PEOPLE OF 2020: Tuala Joe Ponifasio
Sometimes it’s hard to understand the power of the law until you see it wielded by those who know how to.
In September, Samoa got the chance to watch legal scrutiny in action when a couple of lawyers, Tuala Iosefo and Fuimaono Sarona Ponifasio took the Electoral Act 2019 to pieces in the Supreme Court and had it sent packing back to Parliament for urgent amendments.
The deadline for electoral registration was fast approaching and Tuala was concerned that the latest edits to the Electoral Constituencies Act and the Electoral Act left some previously eligible candidates in the lurch.
His petition to the Supreme Court, where he was represented by his wife and veritable legal encyclopaedia Fuimaono, was originally met with scorn by the Government’s lawyers.
They sought to strike out the entire motion, calling it frivolous and vexatious. Around a month later, the Attorney General’s office returned with a notice of opposition – they wanted the case heard after all.
What followed was a series of admissions from the Electoral Commission that proved to Tuala and his co-applicant Papalii Panoa Tavita what they had suspected all along: that the law was drafted poorly and needed fixing.
As they claimed, it unfairly advantaged sitting Members of Parliament over hopeful election candidates due to the wording of the monotaga requirement.
“It is unfortunate that it had to come to court in order for us to point out these inconsistencies,” Tuala said when the case wrapped up.
“It is now up to Parliament to make the necessary amendments and pass these changes into law.”
(Parliament did sit to make the “necessary amendments” and a few extra too, including a ban on switching parties between elections without a by-election.)
Through this court case, Samoa witnessed how its laws are made. We watched the Electoral Commissioner and Assistant Commissioner defend their policies without evidence until forced to admit the wording was being redrafted.
It also drew out a deeply problematic element of Samoa’s law-making the country had already been watching unfold: that laws are not undergoing thorough enough consultation and being drafted well enough to withstand legal tests.
The case ended with Tuala and Papalii agreeing to withdraw their application in exchange for specific changes to be made to the language of the Electoral Act, and for those changes to be made before the registration period opened for election candidates.
“You can tell from our faces what happened today, we won the court case,” Papalii said at the time.
The courts are the ultimate check on a Parliament that passes bad laws or an executive branch that usurps power that reaches beyond its limits.
But without citizens who see those breaches for what they are and take those issues before a judge, Samoa won’t enjoy the full benefit of a functioning court.

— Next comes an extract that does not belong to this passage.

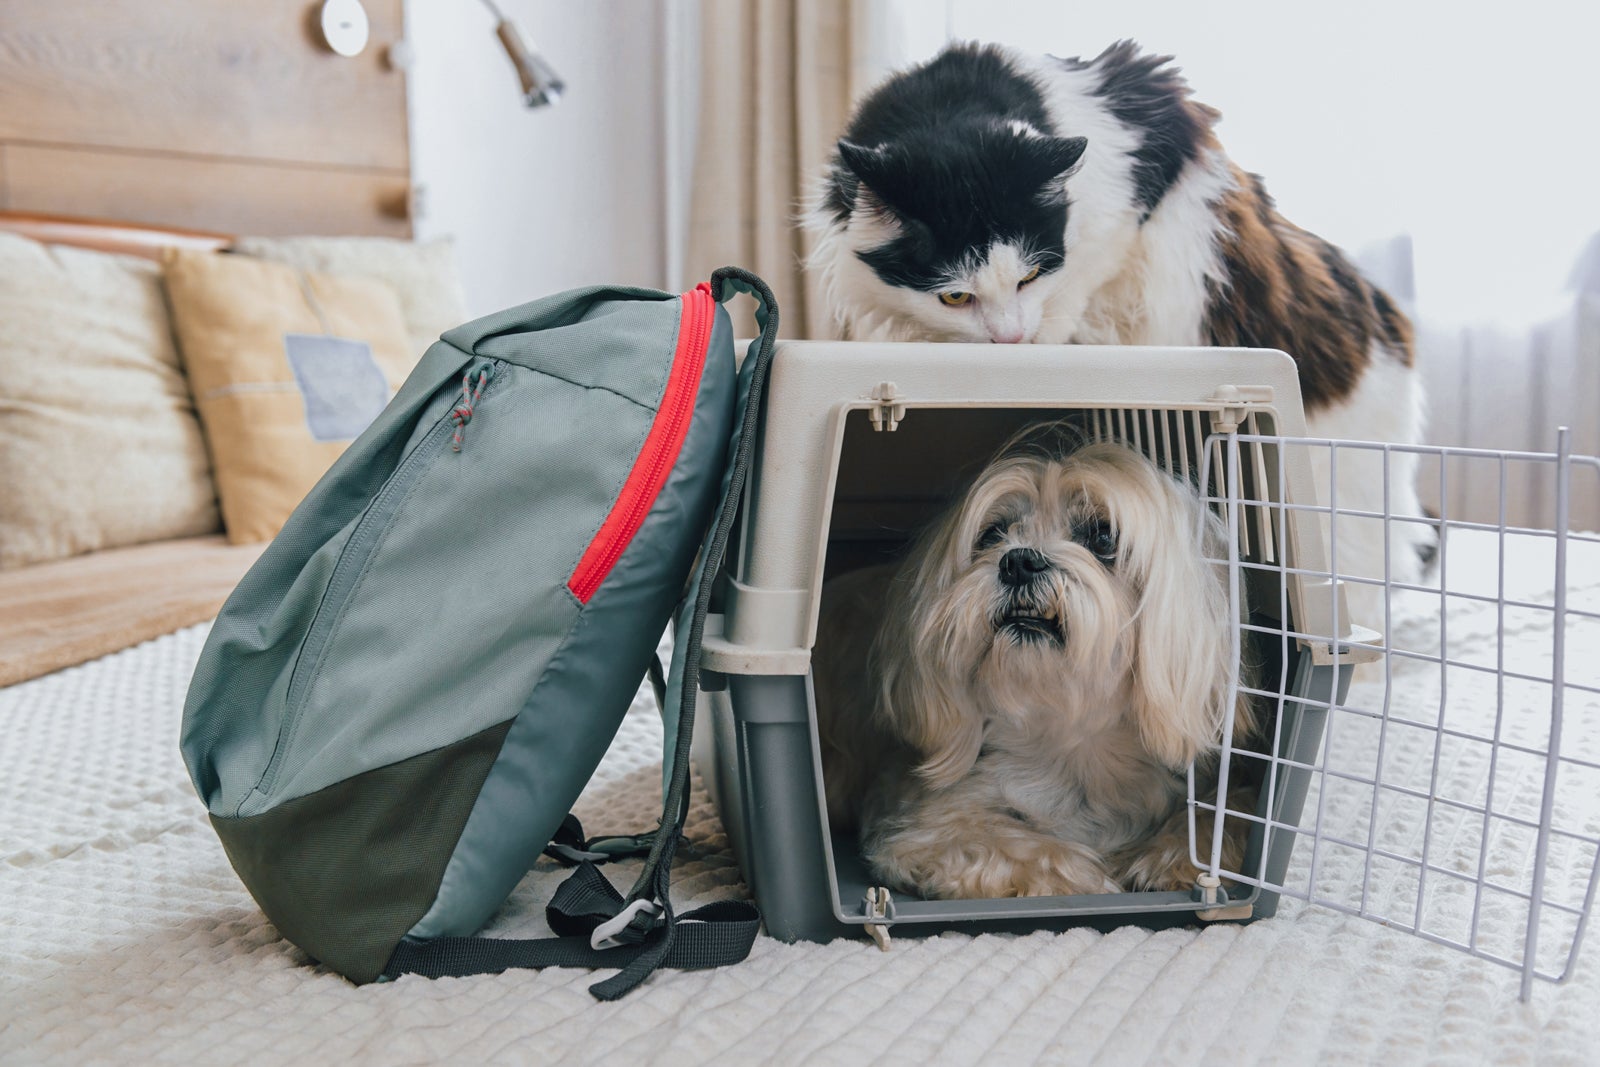 Dog Maltese carrier with luggage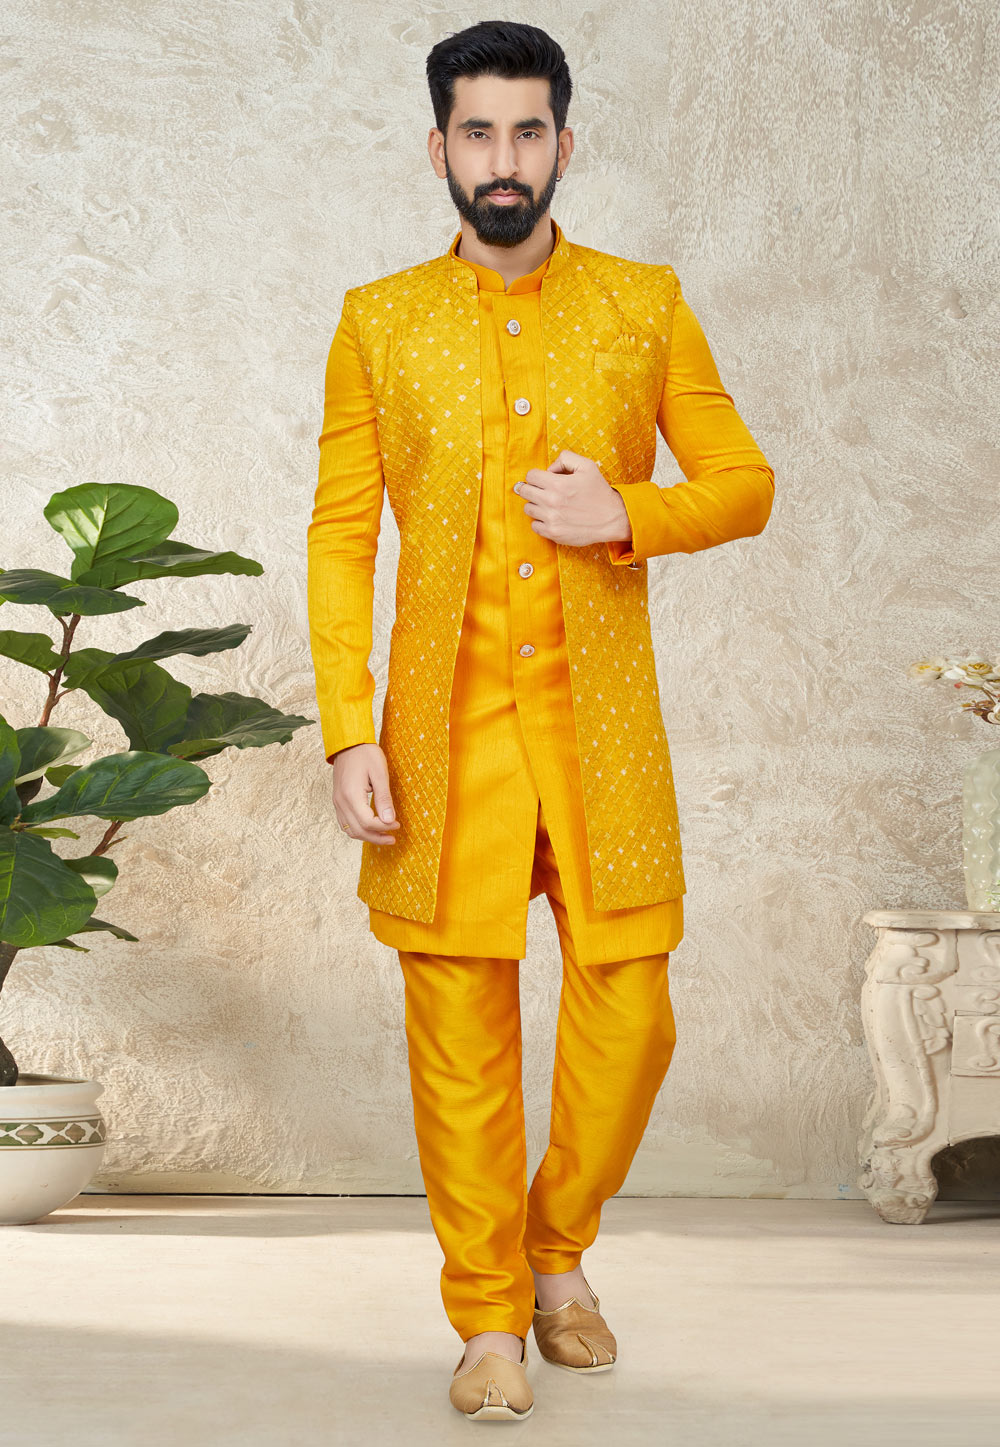 Fawn and Yellow colour Royal Indo Western Gown – Panache Haute Couture

Luckily for the country, it has people like Tuala and Fuimaono.
The first time I met Tuala I had no idea he was a lawyer. It was three days before Anzac Day 2018, and seeing as he was the President of the Returned Services Association I wanted to talk to him.
So off I went – as instructed – to find Tuala at Traveller’s Point. Turns out as well as being the President of the R.S.A. he also runs a hotel.
And when he is not running his hotel or the R.S.A., you can find this many hatted man at the court house or his law office (on the ground floor of his hotel), practicing law.
This year Tuala moved to add another string to his bow, and signed up to run for a seat in Parliament and represent his constituency Gagaemauga No. 1 in the upcoming elections.
It wasn’t the first time he had stood for election, trying his hand in 2016 (and a time before that in 2011). But he was unsuccessful, and in 2017 he was found guilty of six charges of bribery and treating in the District Court.
He appealed the decision, and the Supreme Court agreed, saying of the informants alleging bribery: “it was blatantly obvious from their evidence that the motive was entrapment of the appellant.”
So when it came to his second run at the Maota Fono, Tuala was determined to ensure he had a fighting chance.
A close look at the Electoral Act was all he needed to be concerned there was unconstitutional and discriminatory language in the legislation, and it would not be swept aside.
On top of that, he suspected that new powers given to the Electoral Commissioner to reject candidate nominations would be misused, and worked to give that power back to the Supreme Court and Judicial Review only.
With the amendments to the Electoral Act 2019 only happening early in 2020, Tuala knew he had to act fast. If the right changes weren’t made to the Act by October when nomination season opened, he risked missing out on being able to run.
His petition was filed in the first week of July, and the matter finally went before a judge in late July, where it was scheduled for a hearing in late August.
Once all the finer details had been ironed out, the actual hearing began in the first week of September, with constant reminders that the entire case was on the clock.
But he, his lawyers, the co-applicant party and even the other side got it done. And for their audacity to challenge a law that looked wrong, Samoa is richer.